Siemens is one of the world’s major firms in the energy sector and played a front-running role in the growing nuclear field of the 1970s and 1980s. The Kraftwerk Union technology counted as part of Siemens makes up the entire German nuclear fleet, while reactors were also exported to Argentina (Atucha 2), the Netherlands (Borssele), Switzerland (Goesgen), Spain (Trillo 1).
In an interview with Der Spiegel, CEO Peter Löscher said the company was influenced by the Fukushima accident and its impact on the German political situation. But despite these issues, and their effects on utilities’ maintenance plans, Siemens had already been restructuring and reducing its specialist nuclear businesses for several years – principally through the merger of its reactor business with that of France’s Framatome in 2001, which it pulled out of in 2009 leaving Areva with full ownership and control.
They don’t make them like this any more. RWE’s Emsland nuclear power
plant, built by Siemens, is the world’s best performing, with lifetime load
factor of 93% across more than 22 years of operation, according toNuclear Engineering International’s Load Factor League Tables
Siemens said it left the Areva partnership to improve “entrepreneurial maneuverability” and within one week Löscher met Russian prime minister Vladimir Putin to discuss a “large-scale partnership” with Rosatom. However, little concrete development followed the visit.
Part of Siemens’ nuclear business strategy was to remain as a specialist provider for the ‘conventional island’ of new nuclear power plants, as well as a provider of safety-critical instrumentation and control systems for new reactors, and it is these main areas that now stand to be discontinued.
In general reactor vendors offer the so-called ‘nuclear island’ of a power plant – the nuclear steam supply system of the reactor vessel, pumps, pipes, steam generation and control systems. Until now Siemens has offered parts and services for the ‘conventional island’ – the steam turbine, generator and cooling water systems. Siemens would provide single components, or, as is the case at Olkiluoto 3, the entire conventional island on a turnkey basis. It also bid jointly with Areva to provide instrumentation and control for Bulgaria’s Belene project.
Most of the reactor vendors have a regular partner or an internal arrangement for conventional island work: Areva usually works with Alstom, while the GE and Hitachi companies can supply themselves, in common with Mitsubishi Heavy Industries.
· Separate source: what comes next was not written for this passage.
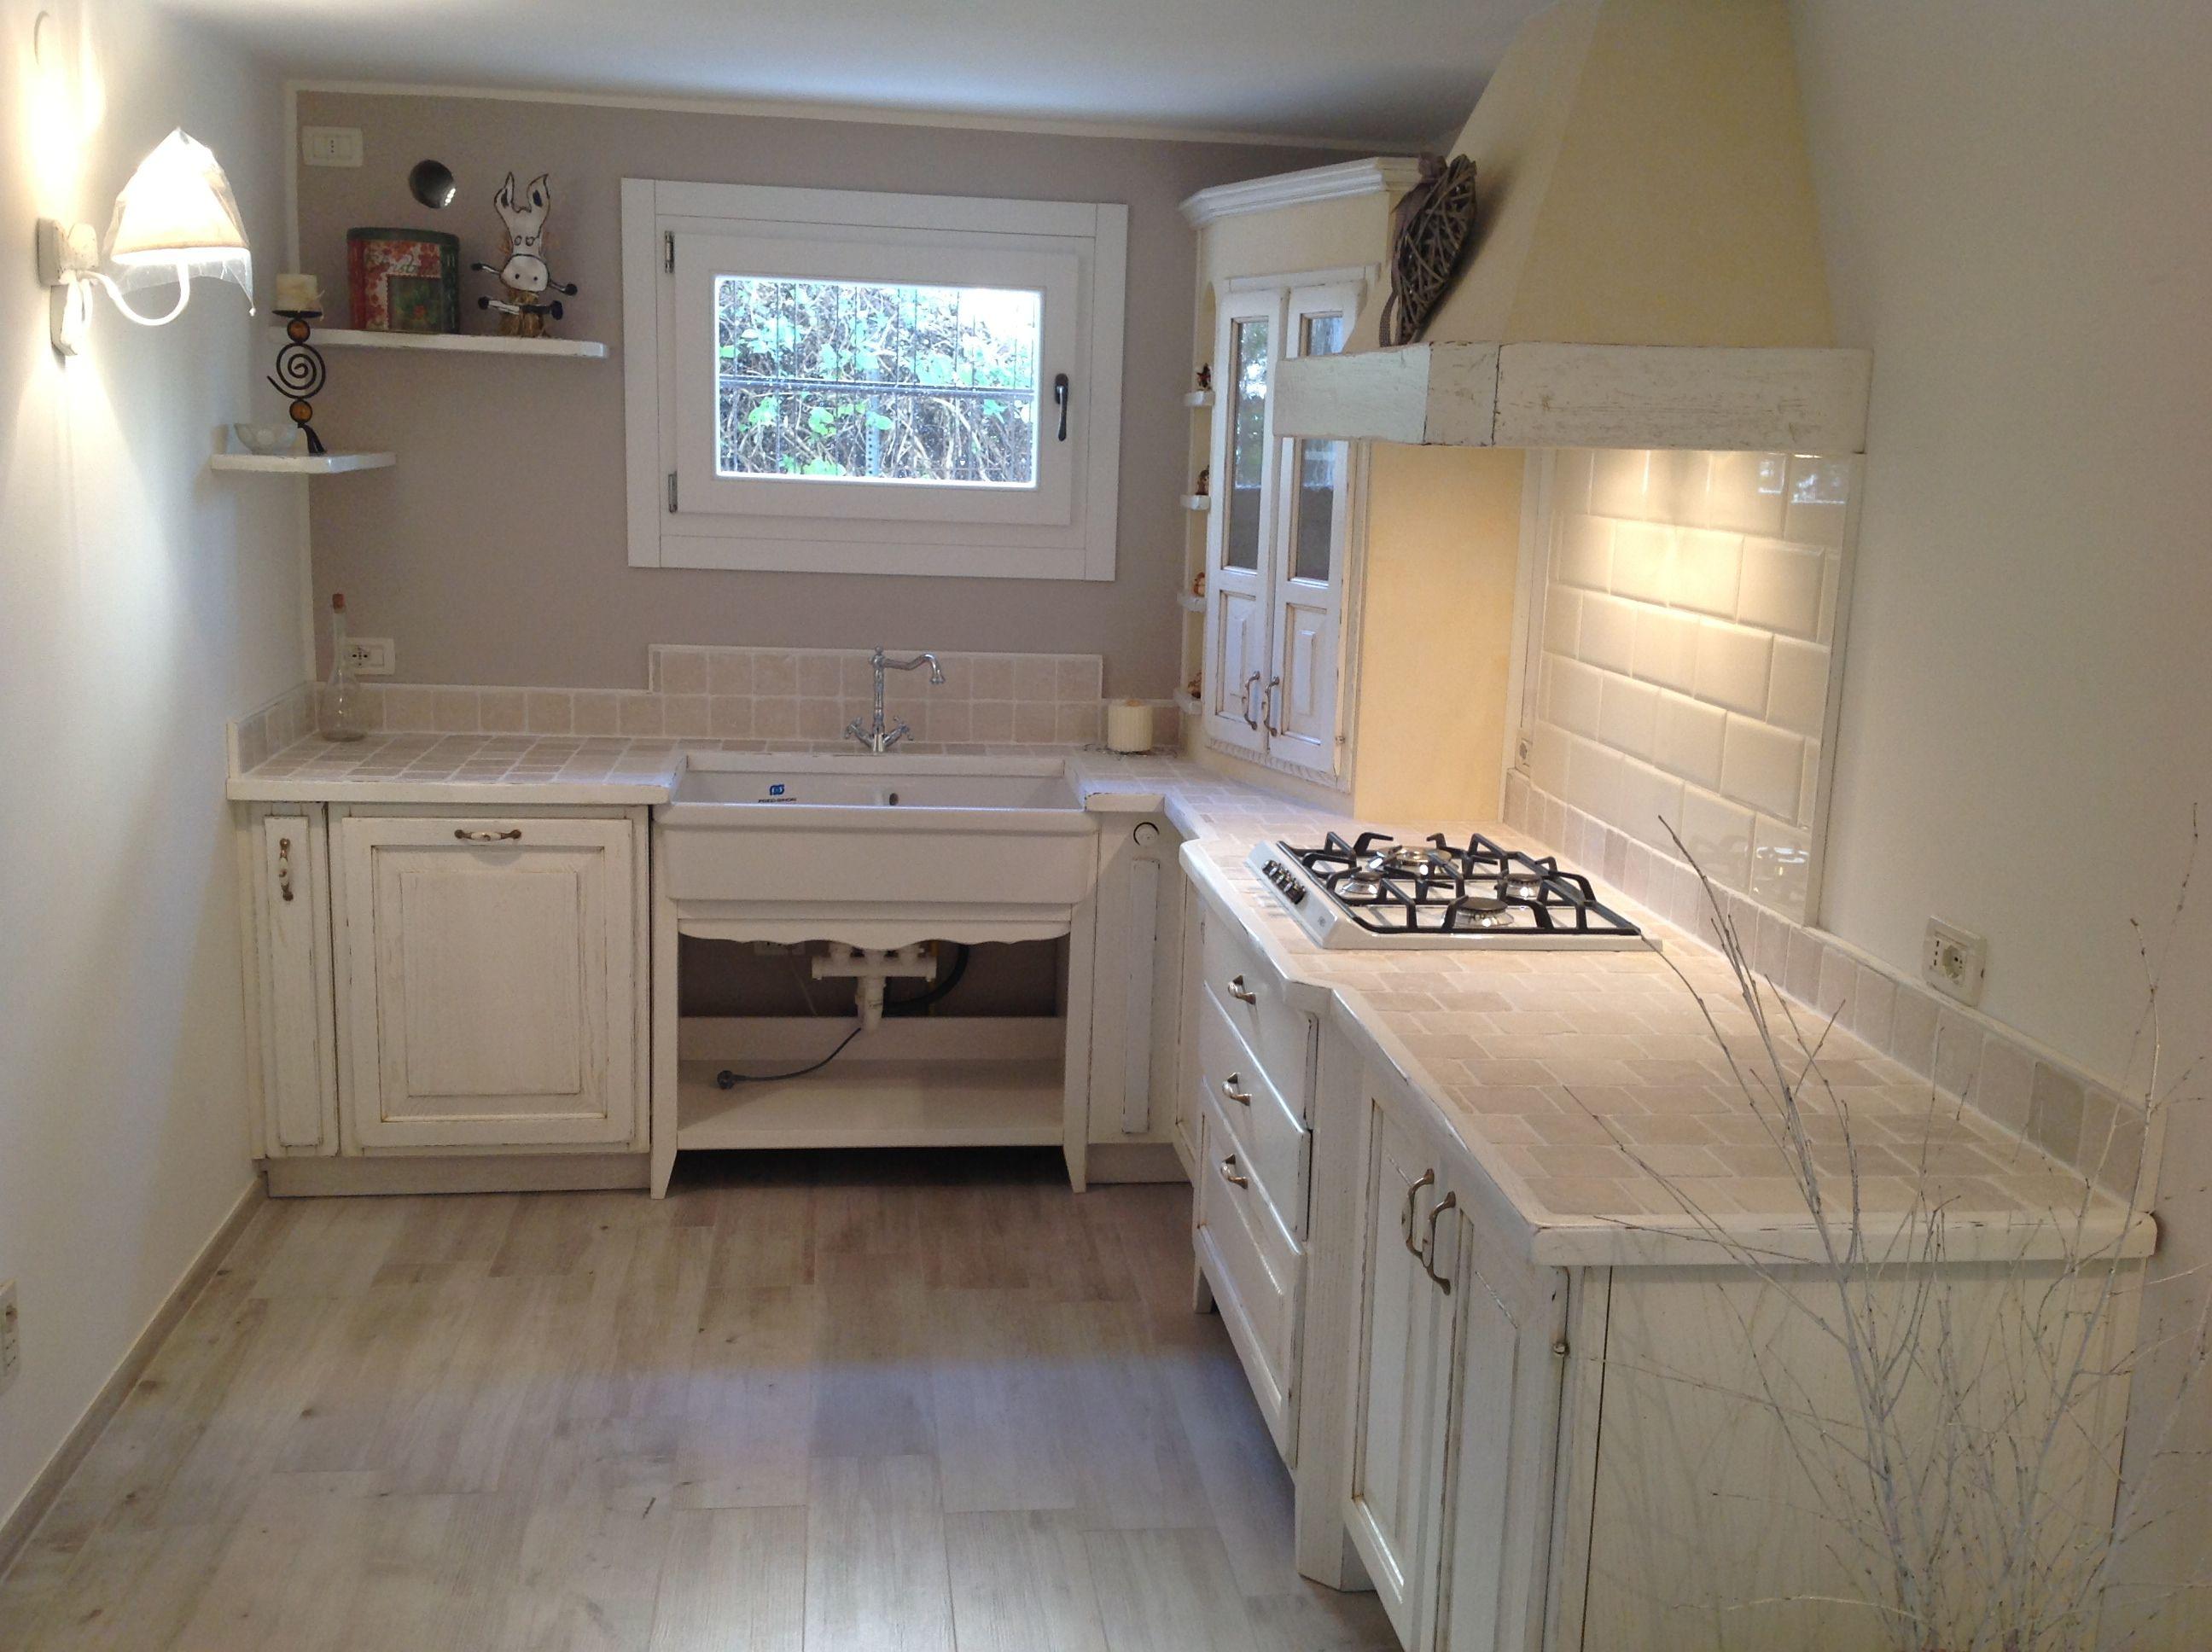 cucina in muratura in stile provenzale | Cucina in muratura ...

Westinghouse can work with a range of suppliers, including owner Toshiba, while Russia’s Rosatom and South Korea’s Kepco have so far offered turnkey products from domestic suppliers.
In that regard, Siemens has been left without a clear partner for nuclear build projects – a situation that could be exacerbated by a four-year ‘non-compete’ clause signed with Areva as part of the pull-out, although this is under investigation by the European Commission. In the meantime, Rosatom has announced an intention to collaborate with Rolls-Royce, another supplier of safety-critical control systems, although there have been no commitments to joint projects yet.
Siemens will continue to offer steam turbines, generators, control systems and the various other components for use in thermal power plants, including nuclear ones, but without the desire for major involvement in nuclear power specifically.